I asked him if Jennings’s version of events about how things had gone down between them was true. “It’s not true,” Newell said. As the race heated up, Newell kept coming up with new reasons why Jennings had left the office. First, he said, Jennings had refused to participate in an ongoing murder investigation. Then he said Jennings had gotten in a fight in Truckee. Later, during our phone call, Newell also claimed that Jennings’ former boss had said he had been “passed over” for management positions and added, “I thought maybe I could mentor him into a leadership role.”

Step by step, I tried to find corroboration of Newell’s version of events. Jim Phillips, a recently retired deputy who worked with Jennings, told me that Jennings had by no means refused to participate in the murder investigation. (Phillips, who ran against Newell in 2006, added that he had gotten along fine with his former boss; he also told me that Jennings was the person in the office with whom he’d gotten along best.) I called Jennings’s boss, Butte County District Attorney Mike Ramsey, to ask whether Jennings had ever been passed over for a promotion. “I didn’t say that,” he said. “I said, ‘He’s a great guy, you’ll be very happy with him. I may have said he was up for a job someone else got, but he certainly wasn’t passed over. He [is] always helping less experienced attorneys with cases.’”

I couldn’t find anyone in Truckee to say anything bad about Jennings, and the Truckee police have endorsed him. Looking for an article about Jennings, ironically, I instead stumbled on one about a judge in Truckee yelling at Cliff Newell for failing to prosecute an assault.
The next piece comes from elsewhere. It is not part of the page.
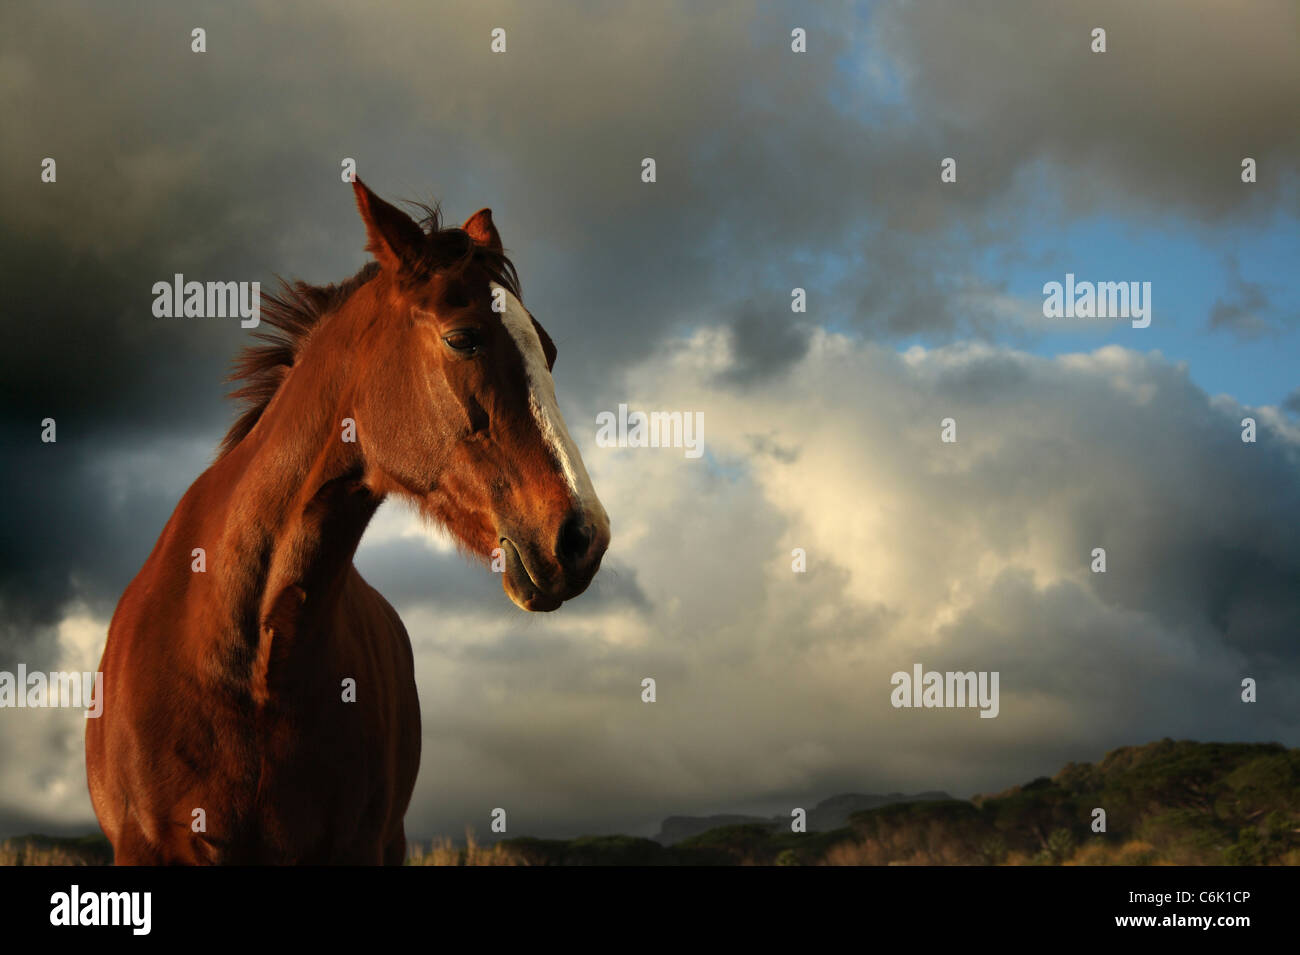 Ángulo de visión baja de un caballo con nubes de tormenta en el fondo Foto de stock

This had happened in early 2015, right before Newell hired Jennings.

One of Newell’s supporters told me, as if she were sharing juicy gossip, that no one in the office liked Jennings, but only two people currently in the office were even there during Jennings’s time—one of them being Oliver Pong, who openly supports Jennings.

The Nevada County Deputy District Attorney and Public Defenders Association has endorsed Jennings, as they did Alkire in 2014. James Morris, a deputy DA and former president of that organization, wrote a letter in support of Jennings that was printed as a campaign ad for Jennings in the local paper. Just a few weeks later, Walsh “reassigned” Morris from felonies to misdemeanors.

***

I am not an experienced investigative reporter. I didn’t know anything about the law until two months ago, and I barely even knew what a District Attorney was or did, and I definitely barely cared. I wrote this story because no one else was writing it, and I wanted the people of the county where I live to know what the District Attorney no one ever thought about, including me, was actually like. I wanted people to think about how government goes wrong, how boring and small and easy to ignore that can be, and why, although it can often seem like the system is so corrupt that everything is just one corrupt flavor, that lying is real, and people are still allowed to react to it.
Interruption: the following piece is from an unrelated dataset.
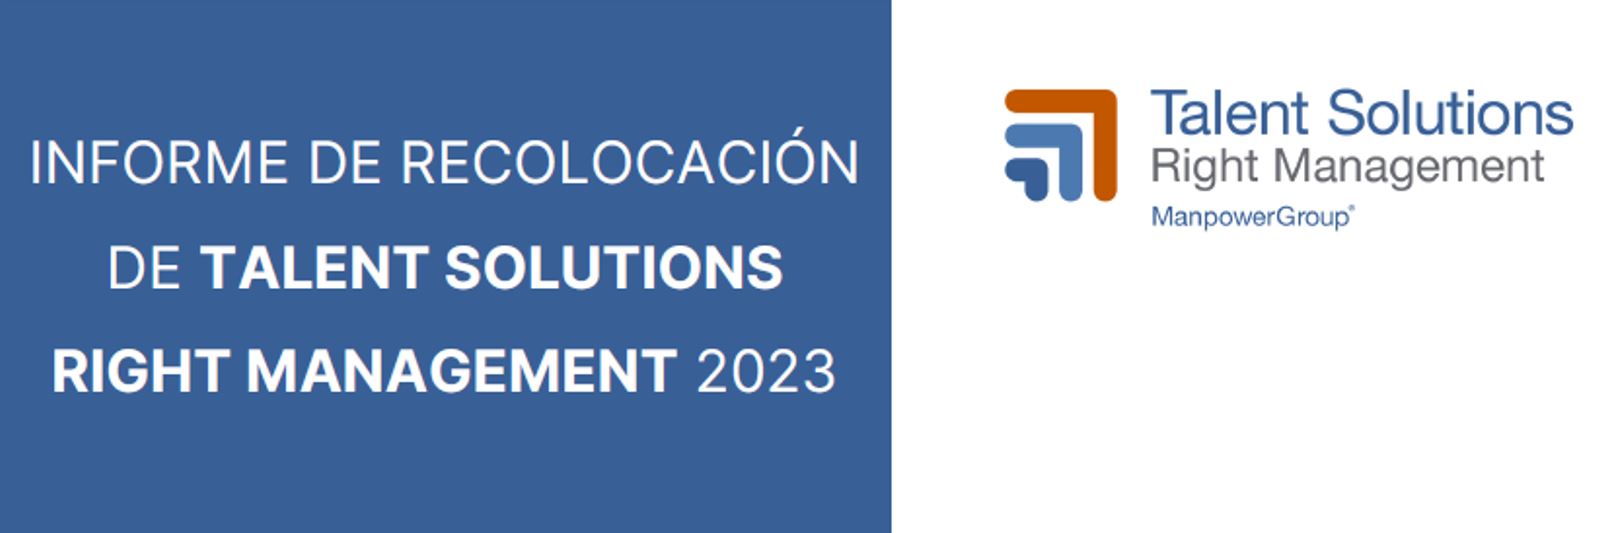 Informe de Recolocación 2023 de Talent Solutions

But even as I was finishing the story and pretty satisfied with it, I was still annoyed that I couldn’t get a stronger refutation on the claim that Jennings had refused to participate in a murder investigation. I mean, honestly, Jennings is a born prosecutor. I bet he wishes every single minute of his life could be spent trying a murderer.

Then, one afternoon, I saw the defense attorney I’d been trying to contact, Greg Klein, walking down the street. The trial for the murder investigation Jennings had supposedly refused to participate in was going on now, and Klein was defending one of the accused. I ran to catch up to him. “I’m Sarah Miller,” I said. “I’ve been trying to call you.”

“What do you want to know?” he said. He was in his mid-50s, carefully dressed, especially for these parts, with a cheeky pink tie and slick silver hair, a brasher, stockier, Richard Gere. “You have got me between here and the courthouse.”

“About Chris Walsh,” I began.

“I called him a liar, that’s on the court record, and I’d like to add that, in my opinion, he’s morally bankrupt.”

The gold clock showed it was one in the afternoon, and he went inside to defend his client.